_Action item:_
No pictures in the copy, please: retype all the records exactly.

_Records for this task:_
○ ○ ○
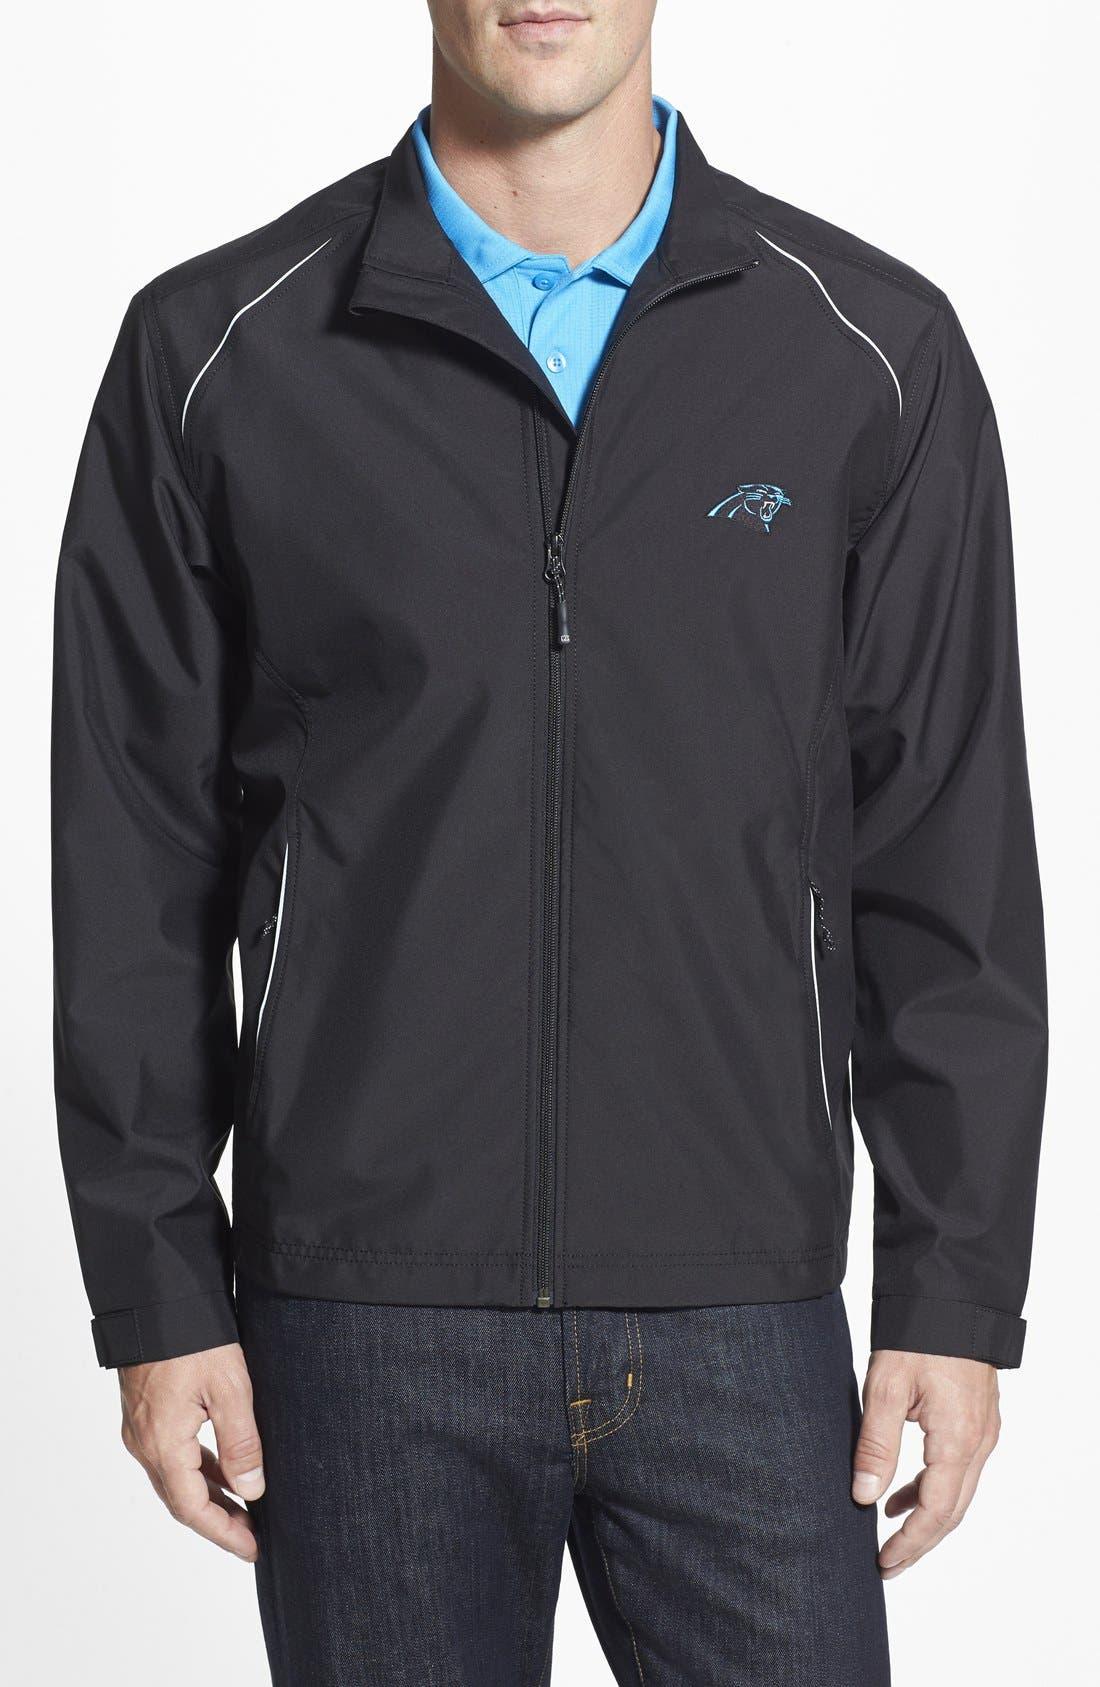 Carolina Panthers - Beacon WeatherTec Wind & Water Resistant Jacket,                             Main thumbnail 1, color,                             Black
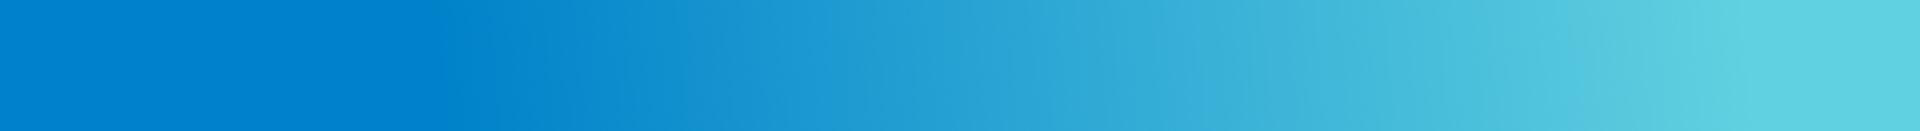 Aqua gradient
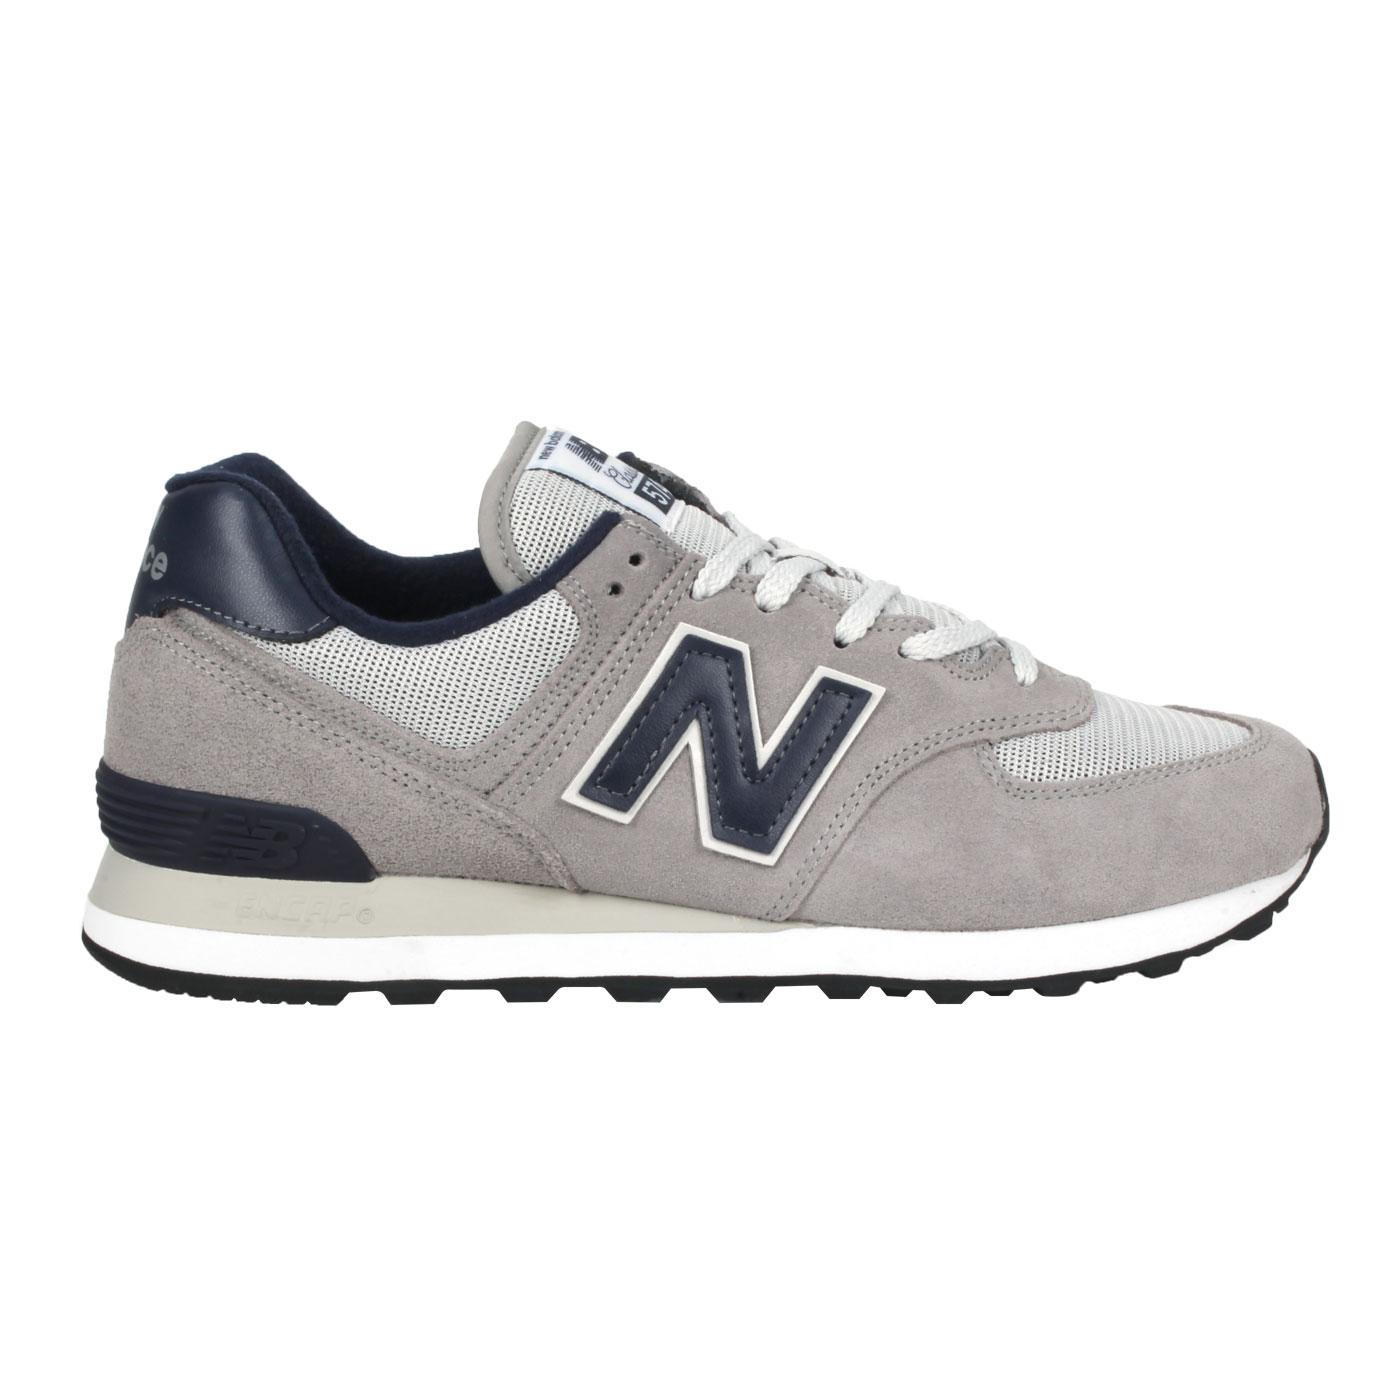 NEW BALANCE 男款休閒運動鞋 ML574BE2 - 灰丈青
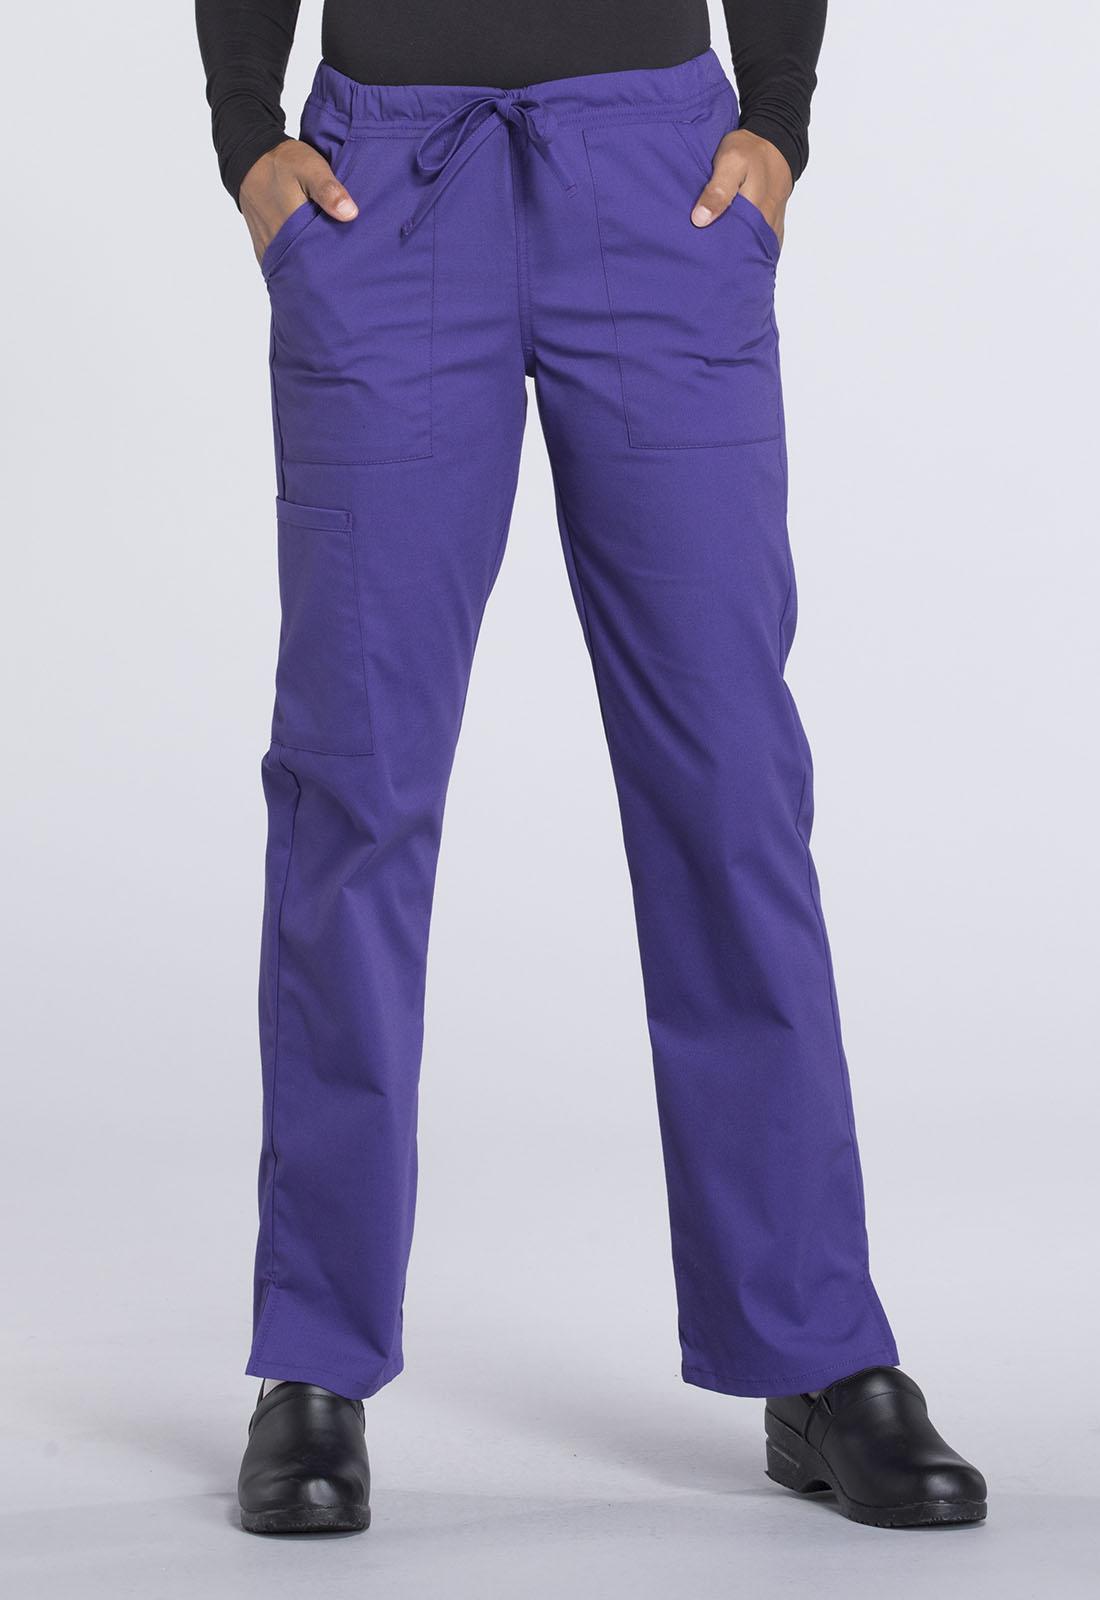 e0502bdc678 WW Professionals Women's Mid Rise Straight Leg Drawstring Pant Purple
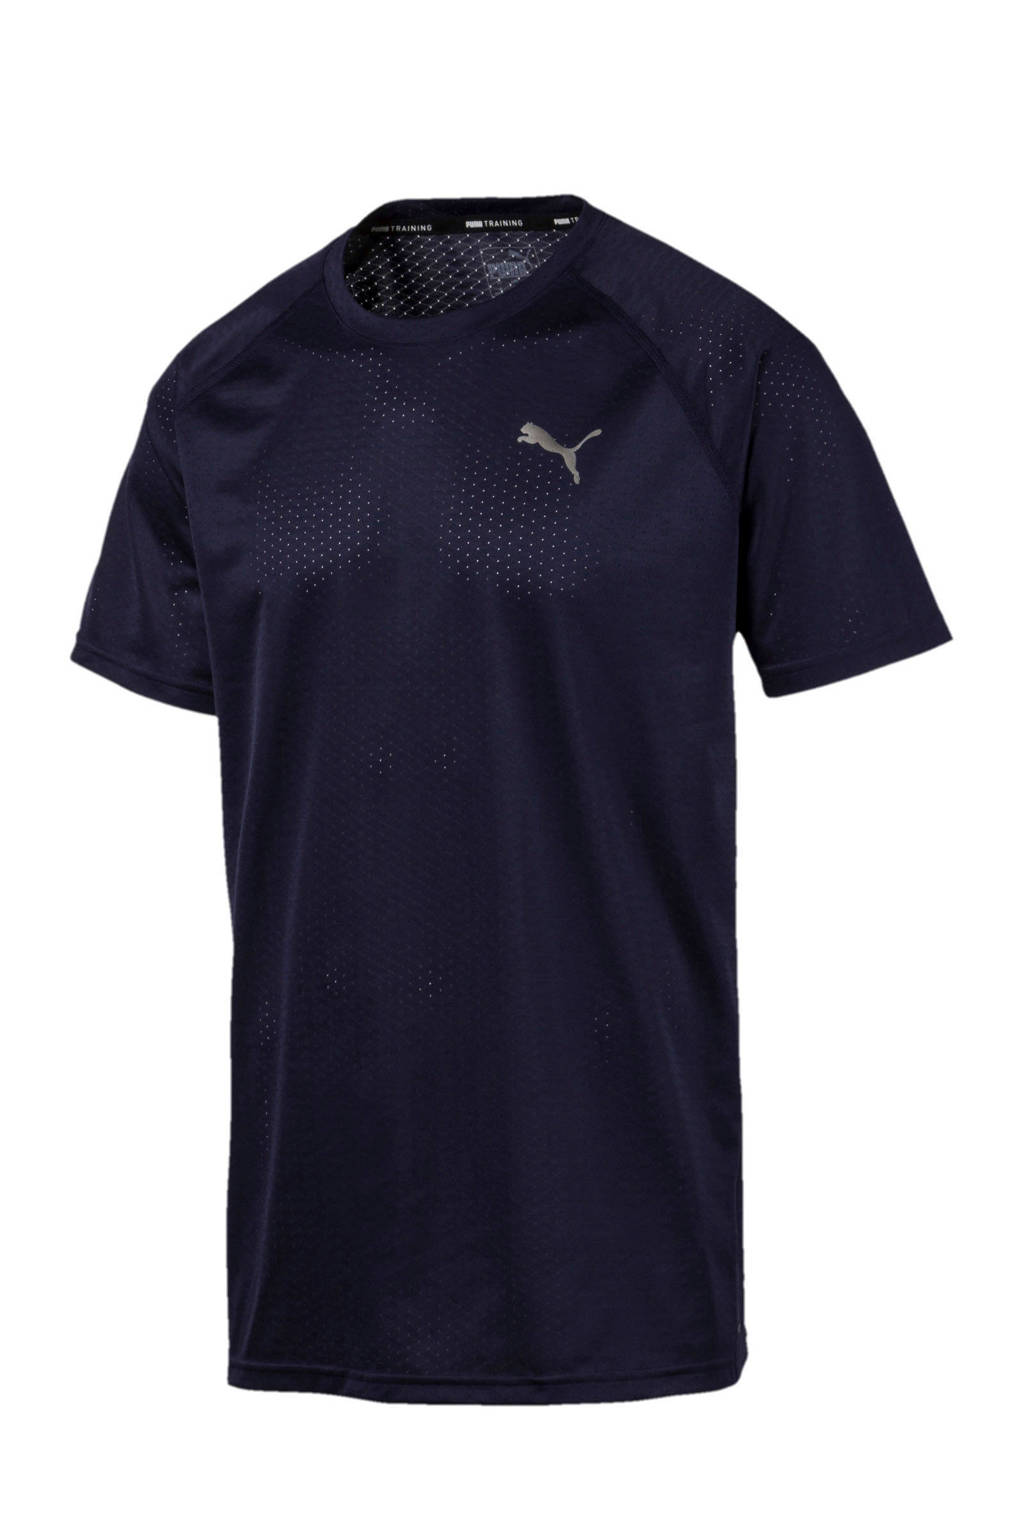 Puma   sport T-shirt donkerblauw, Donkerblauw
○ ○ ○
_Response box:_
 Carolina Panthers - Beacon WeatherTec Wind & Water Resistant Jacket,                             Main thumbnail 1, color,                             Black
 Aqua gradient
 NEW BALANCE 男款休閒運動鞋 ML574BE2 - 灰丈青
 e0502bdc678 WW Professionals Women's Mid Rise Straight Leg Drawstring Pant Purple
 Puma   sport T-shirt donkerblauw, Donkerblauw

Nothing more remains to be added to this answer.